Computational efficiency: Eclass trained all 12 algorithms across 1,000 Monte Carlo iterations in approximately 150 seconds. By contrast, the CNN comparison model (based on ResNet-50 with ImageNet-pretrained weights and binary classification output layers) trained for only 10 cross-validation runs in 52 hours on an Nvidia Quadro M5000 GPU. This represents a roughly 1,200-fold speed advantage for Eclass, although the approximately 3 hours required for IBC extraction is not included in that comparison. The CNN used standard augmentation (flip, zoom, rotate), minority class oversampling, pixel normalization (zero mean, unit standard deviation), and test-time augmentation with majority voting across 5 augmented versions.

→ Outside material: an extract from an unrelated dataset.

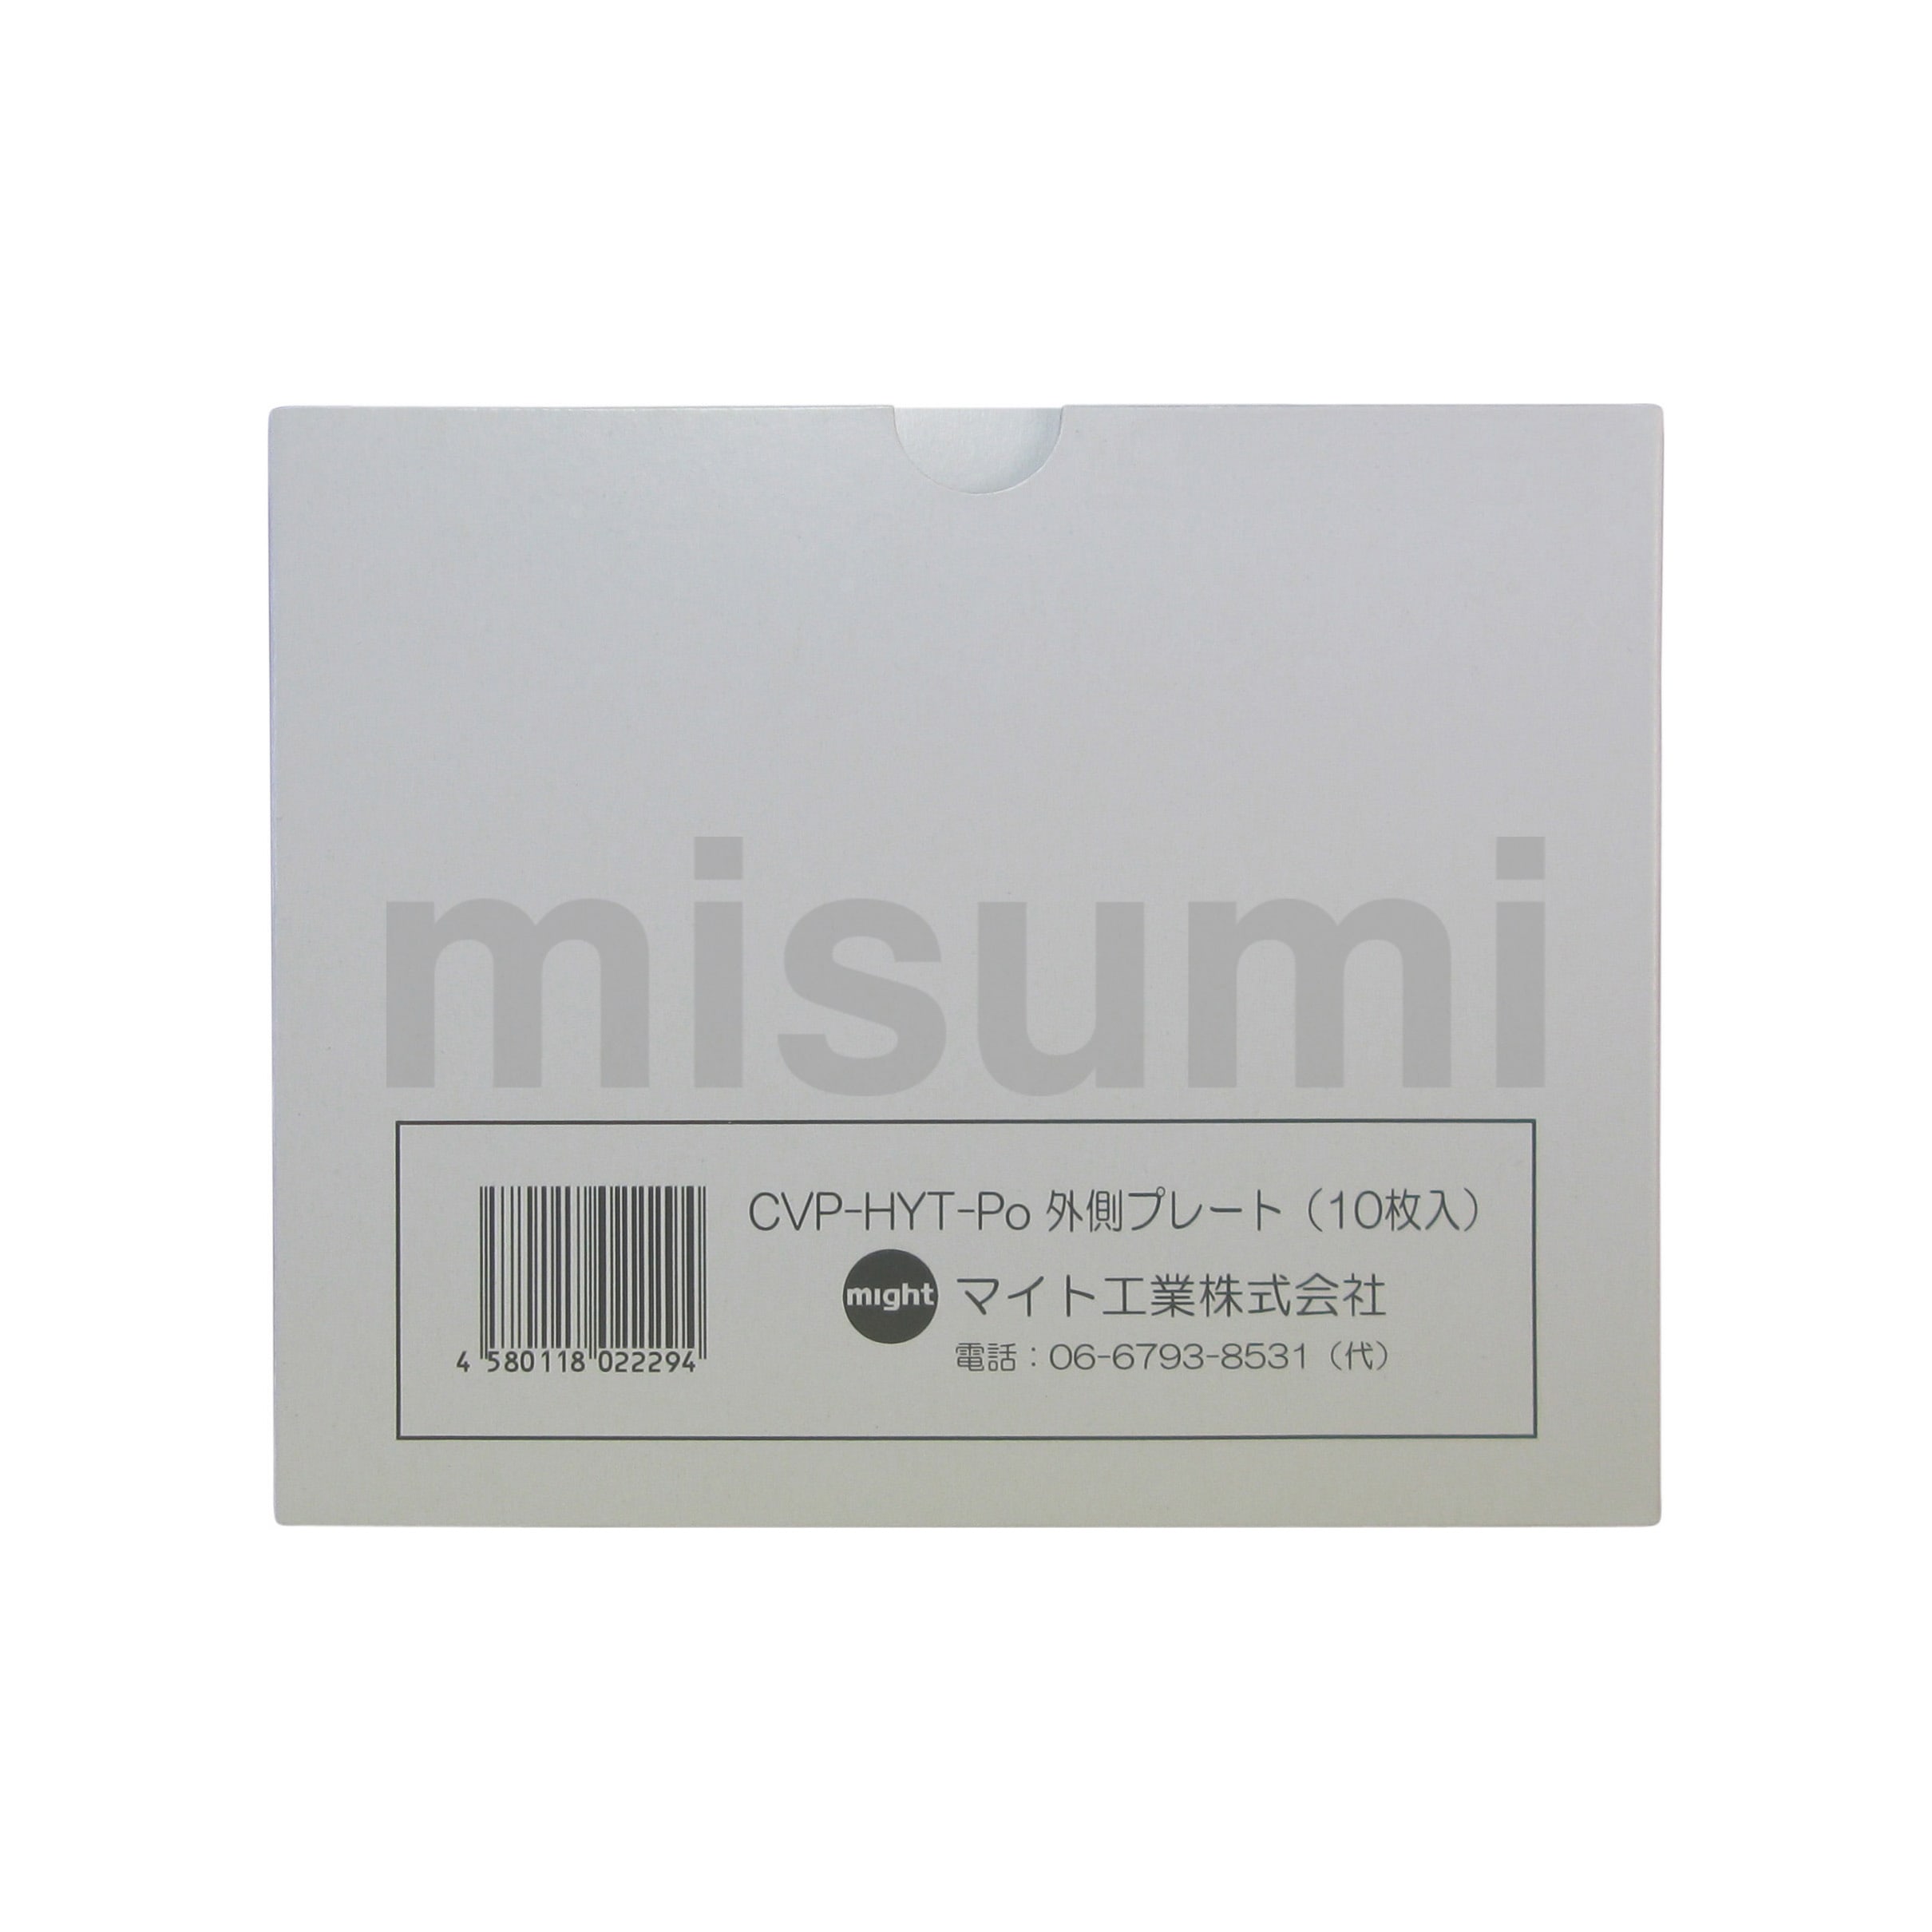 CVP-900PO 溶接面 レインボーマスクシリーズ用カバープレート マイト工業 MISUMI(ミスミ)

The study design was double-blinded: dermoscopy images were randomized and stripped of all patient identifiers before being injected into the algorithm pipeline. No clinical metadata (age, sex, anatomical location, sun damage) was used. The gold standard for each lesion was the histopathological diagnosis obtained from surgical excision biopsy performed as part of routine clinical care.

TL;DR: Eclass combined 12 different ML algorithms (from KNN to random forests to SVMs) via median probability voting across 1,000 Monte Carlo iterations. Training took 150 seconds versus 52 hours for a ResNet-50 CNN doing only 10 runs. The study was double-blinded with histopathology as the gold standard, and no patient metadata was used.

Results

Pages 9-10

Eclass Outperformed CNN 75% of the Time on Challenging Dysplastic Nevi

On the Barcelona validation set (Validation Set 1), Eclass achieved a mean AUROC of 0.71 +/- 0.07 with a 95% confidence interval of [0.56, 0.85]. The CNN achieved a mean AUROC of 0.67 with a 95% confidence interval of [0.63, 0.71]. In a Monte Carlo comparison that randomly drew ROCs from the 10 CNN runs and the 1,000 Eclass runs, Eclass produced a higher AUROC 74.88% of the time. While neither model reached the 0.91 AUROC published in prior melanoma detection studies using larger datasets, the authors emphasize that their cohort was deliberately more challenging because all nevi in the study were clinically dysplastic (atypical), meaning they had already been flagged as suspicious enough to warrant biopsy.

Why the AUROCs are lower than published benchmarks: The study cohort excluded obviously benign lesions. Every nevus in the dataset was one that a clinician had judged sufficiently suspicious to excise, so the melanoma-versus-nevus discrimination task was inherently harder than studies that include clearly benign moles. The authors note that performance for both models would likely improve with larger training sets that include a wider spectrum of lesion presentations.

The C5.0 decision tree stood out: Although the median-based ensemble approach defined the Eclass score, the C5.0 decision tree alone outperformed the full ensemble at high sensitivity, yielding 98% sensitivity with 44% specificity on the originally published dataset. The C5.0 tree used branching logic based on just 10 IBCs: 4 from the blue channel (B1, B6, B7, B15), 5 from the red channel (R4, R6, R8, R12, R13), and 1 multicolor (MC1). The tree had 10 decision nodes, 11 terminal nodes, and 7 of those terminal nodes were "pure" (100% melanoma or 100% nevi prevalence). Two nodes alone (#4 and #20) contained 59.8% of all lesions and perfectly discriminated nevi from melanoma.

Comparison to existing clinical methods: Table 3 in the paper benchmarks Eclass against over a dozen human and machine-augmented diagnostic methods. Expert dermoscopy achieved 90% sensitivity and 90% specificity. The ABCD dermoscopy rule reached 84% sensitivity and 75% specificity. Commercial systems like MelaFind achieved 98% sensitivity but only 10% specificity. Eclass at the 98% sensitivity operating point achieved 36% specificity, which is comparable to MelaFind and the preliminary SIAscopy results, but with the critical advantage of interpretability.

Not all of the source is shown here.